Known gaps / next steps

  • R5 fence — still pending (operator-deferred). Do before any UNTRUSTED workflow.
  • Package registry (Stage-2) — C1/C5 + any cross-repo @olsitec dep need the Forgejo package registry populated (publish olsicrypto, svelte-common, …). Then docker-build for seaspots-homepage / token-service can be validated end-to-end (npmrc via build-args).
  • Forgejo upgrade (v15) — reusable workflows already work on v11 with the caller runs-on + short-ref quirks; a v15 upgrade (LTS, Apr 2026) removes both (omit runs-on → workflow expansion + separate logs). See .forgejo/workflows/README.md.

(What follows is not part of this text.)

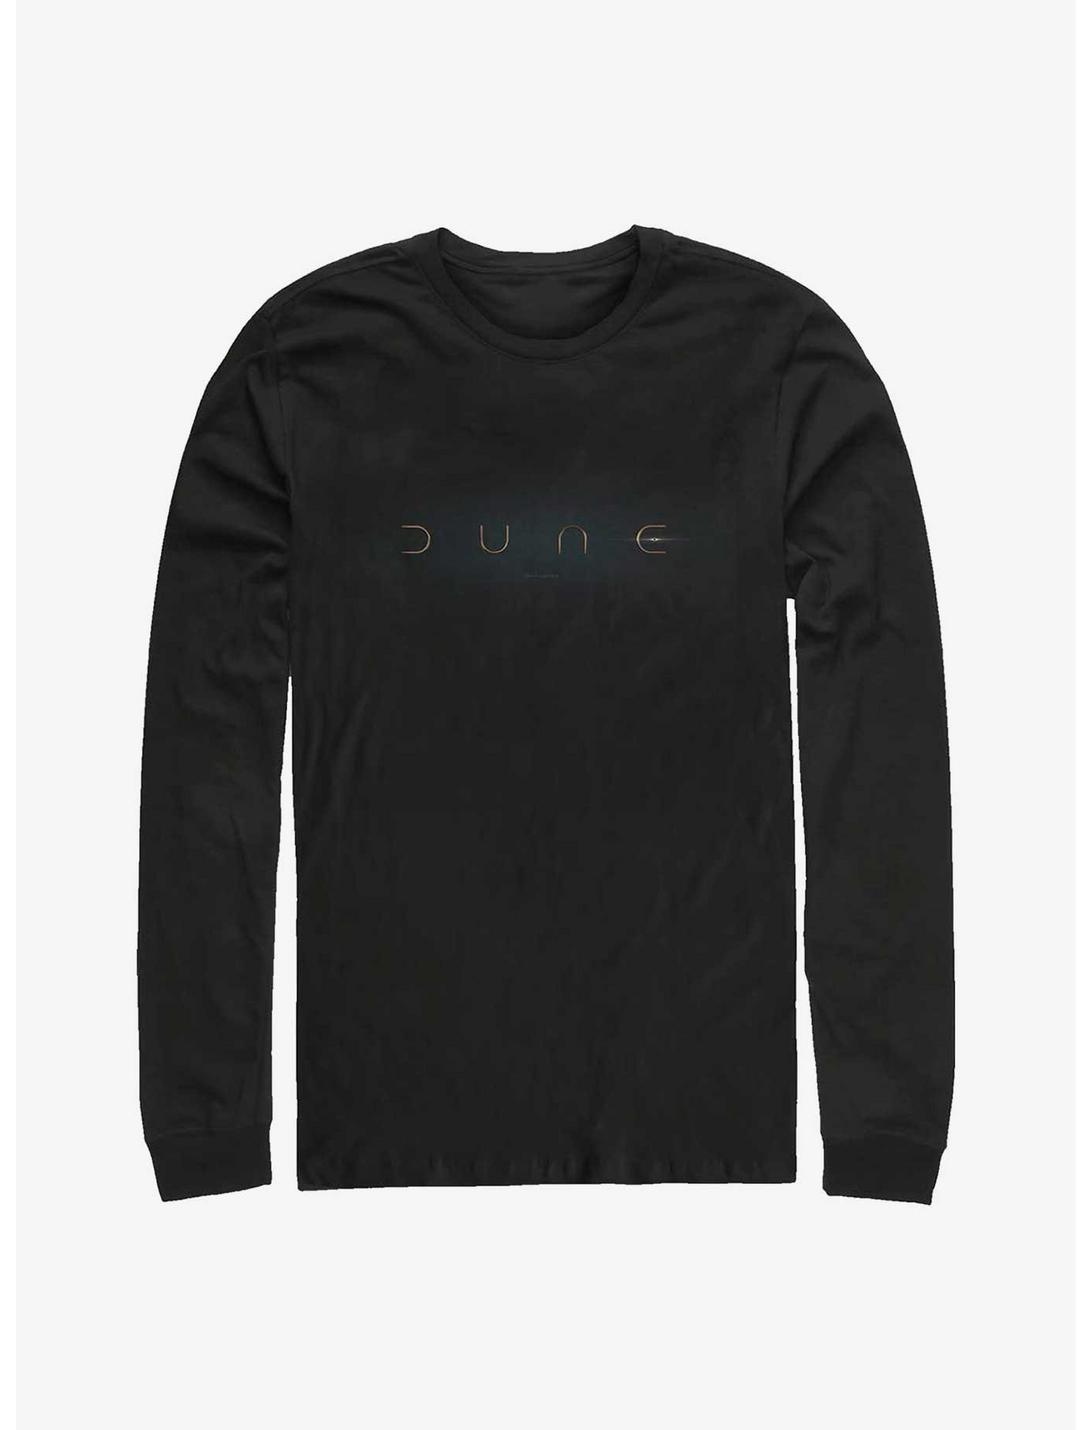 Dune Dune Logo Long-Sleeve T-Shirt, BLACK, hi-res

  • T15index.ts phase marker still T10-runner; Gate A/B comments; docs/DAY-ZERO-TIMELINE.md.
  • Hardening — pin floating refs (IMAGE_REGISTRY PIN_DIGEST, IMAGE_RUSTFS latest, IMAGE_CI tag); pre-bake pulumi plugins into foundation-ci to drop preview's per-run auto-install; register in Olsitec MCP (D6). VM sshd MaxStartups before refresh-in-CI.

Operating mode for next session: HIGH-RISK / INFRA (remote VM, Docker, secrets).